Hypersight Rootkit Detector работает в качестве монитора виртуальной машины. Ядро запускается в качестве гипервизора при старте системы, контролируя в дальнейшем критические операции и оставаясь незаметным как для системы, так и для вредоносного ПО. Контролируются типичные действия руткитов, в том числе попытки перехода в режим гипервизора, характерные для руткитов, приобщившихся к аппаратной виртуализации - наподобие известной Blue Pill.

Реализована поддержка процессоров Intel с технологией VT-x, в ближайшем будущей обещается и поддержка процессоров AMD. Продукт представлен в виде альфа-версии, подключиться к тестированию на свой страх и риск приглашаются все желающие.
Источник: North Security Labs 


http://www.northsecuritylabs.com/

----------

Надоело быть жертвой? Стань профи по информационной безопасности, получай самую свежую информацию об угрозах и средствах защиты от ведущего российского аналитического центра Anti-Malware.ru:

----------


## rav

Не получится северный олень из этого. То событие, что я видел на скриншоте, способен сгенерировать любой не слишком правильно написанный HIPS или иной перехватчик SSDT в ядре. Но это можно и обойти, переписав перехватчик или использовав инлайн-перехваты, документированные функции и сложно-детектируемые поля данных. Так что, как отдельный компонент на основе виртуализации оно не сработает. Ring-1 подсистема может лишь служить поддержкой обычной anti-rootkit инструмента, но никак не отдельным инструментом как таковым.

----------


## aintrust

> Не получится северный олень из этой поделки, как бы они не старались.


Илья, а где там написано, что должен получиться "северный олень"? =)

Читаем:



> Hypersight RD перехватывает и блокирует попытки перехода в режим гипервизора. Данный тип активности присущ руткитам, которые используют аппаратную виртуализацию (Blue Pill, Vitriol). Кроме того, Hypersight RD перехватывает все операции с таблицей страниц, а также с GDT и IDT, что позволяет обнаруживать руткиты, применяющие стелс-технологии для скрытия в памяти (руткиты типа Shadow Walker).

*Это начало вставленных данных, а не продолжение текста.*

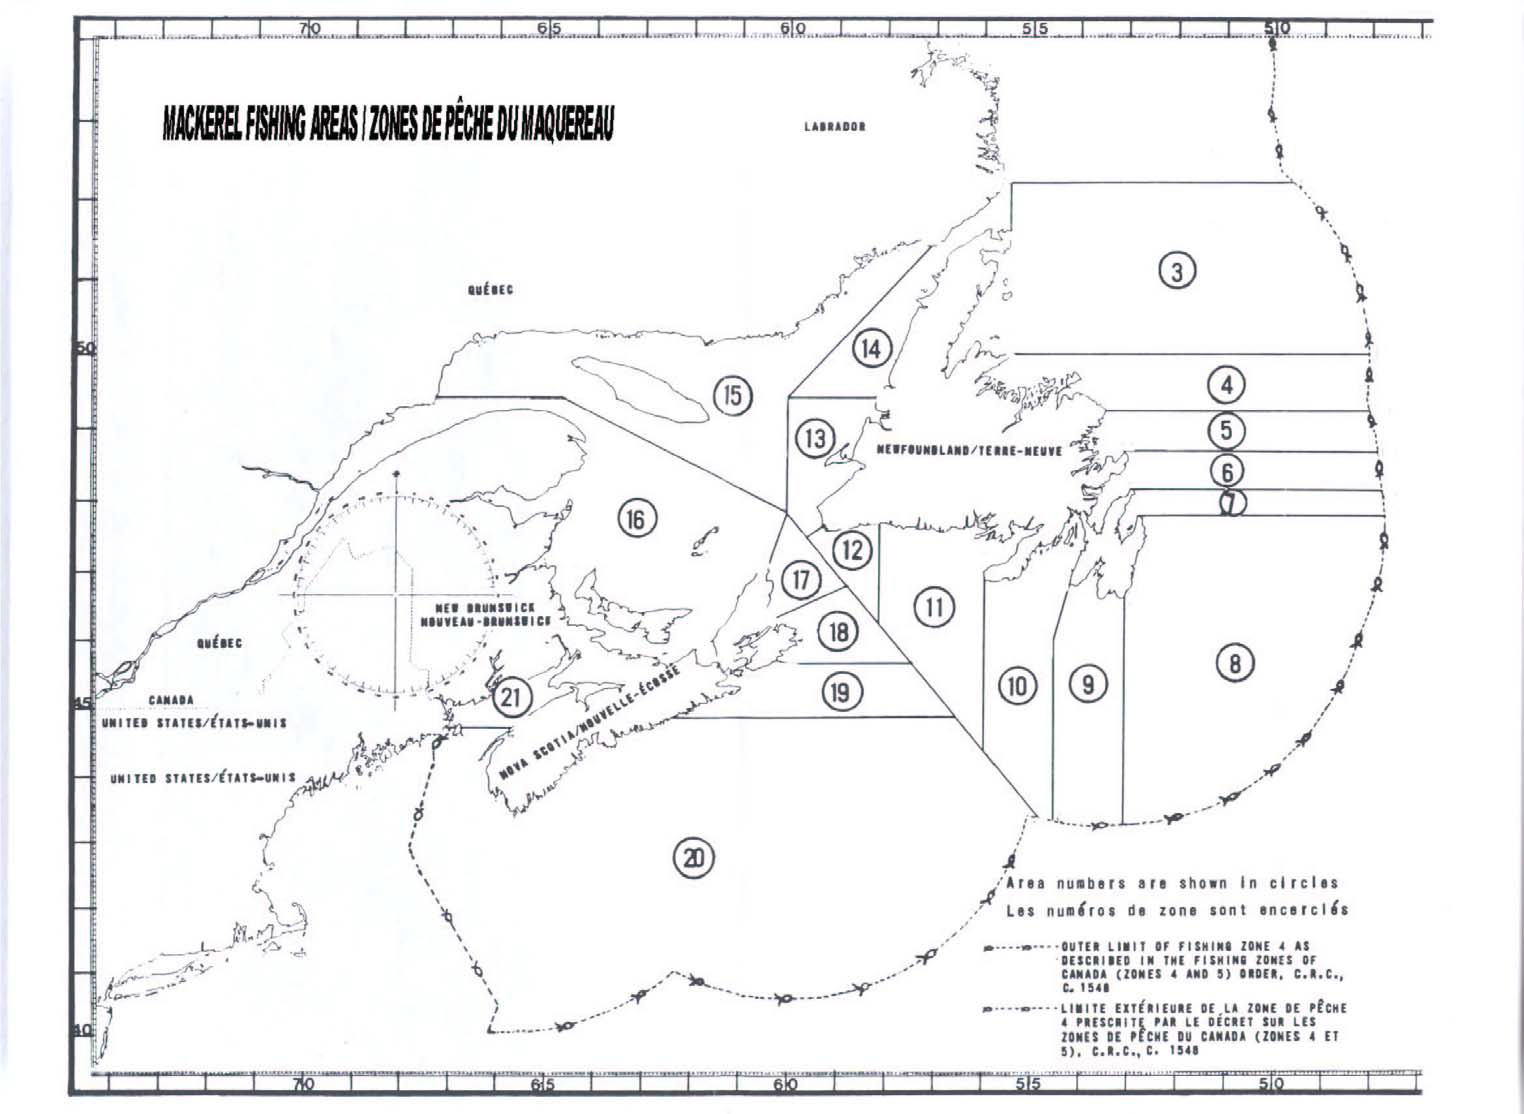 Outlines the boundaries for the mackerel fishing areas on Canada’s east coast.

Ни больше, ни меньше... Т.е., по сути, это "как-бы" антирукит (авторы определяют его как "VIPS") для вполне специфического применения, точнее - для некоторых вполне определенных методик, применяемых отдельными руткитами (и не только руткитами - для этих случаев есть отдельная проясняющая ситуацию сноска в описании).

----------


## rav

Просто на сайте они позиционируют его как средство борьбы с руткитами в основном. А на это средство оно как раз и не шибко тянет. Ну изменит руткит методики внедрения и сокрытия себя в системе- и всё, отвалился VIPS. HIPS-системы значительно более надёжны в этом смысле- если всё спроектировано грамотно, как средство борьбы с руктитами оно надёжнее будет.

*Добавлено через 2 минуты*

Кстати, мне всё больше кажется, что эта тулза- изделие тех же людей, что делали RKU. Например, домен зареган через прокси...

----------


## aintrust

> Просто на сайте они позиционируют его как средство борьбы с руткитами в основном.


Зато вот что написано в пресс-релизе:



> Однако было бы неправильно считать, что аппаратная виртуализация может обеспечить полную защиту ПК. Комплексная защита должна сочетать методы, применяемые в системах безопасности 1-го, 2-го, 3-го и 4-го типов (сигнатурные сканеры, системы предупреждения вторжений, сканеры целостности ядра, виртуальная система предупреждения вторжений)


Позиционирование и понимание ситуации вполне адекватное, разве нет?

----------


## rav

> Зато вот что написано в пресс-релизе:


А, я его не читал. 




> Позиционирование и понимание ситуации вполне адекватное, разве нет?


Да, совершенно верно.

----------


## Ego1st

насколько я понял сначала запускаеться данный антируткит, а потом он уже передает управление ядру оси.. если неправ поправьте меня..
Хотелось бы уточнить, разве может быть какой-то способ обхода? разве это не тоже самое(примерно) что хард подрубить к другому компу(запустить под другой осью)..как может себя что-то скрывать если оно не запущенно..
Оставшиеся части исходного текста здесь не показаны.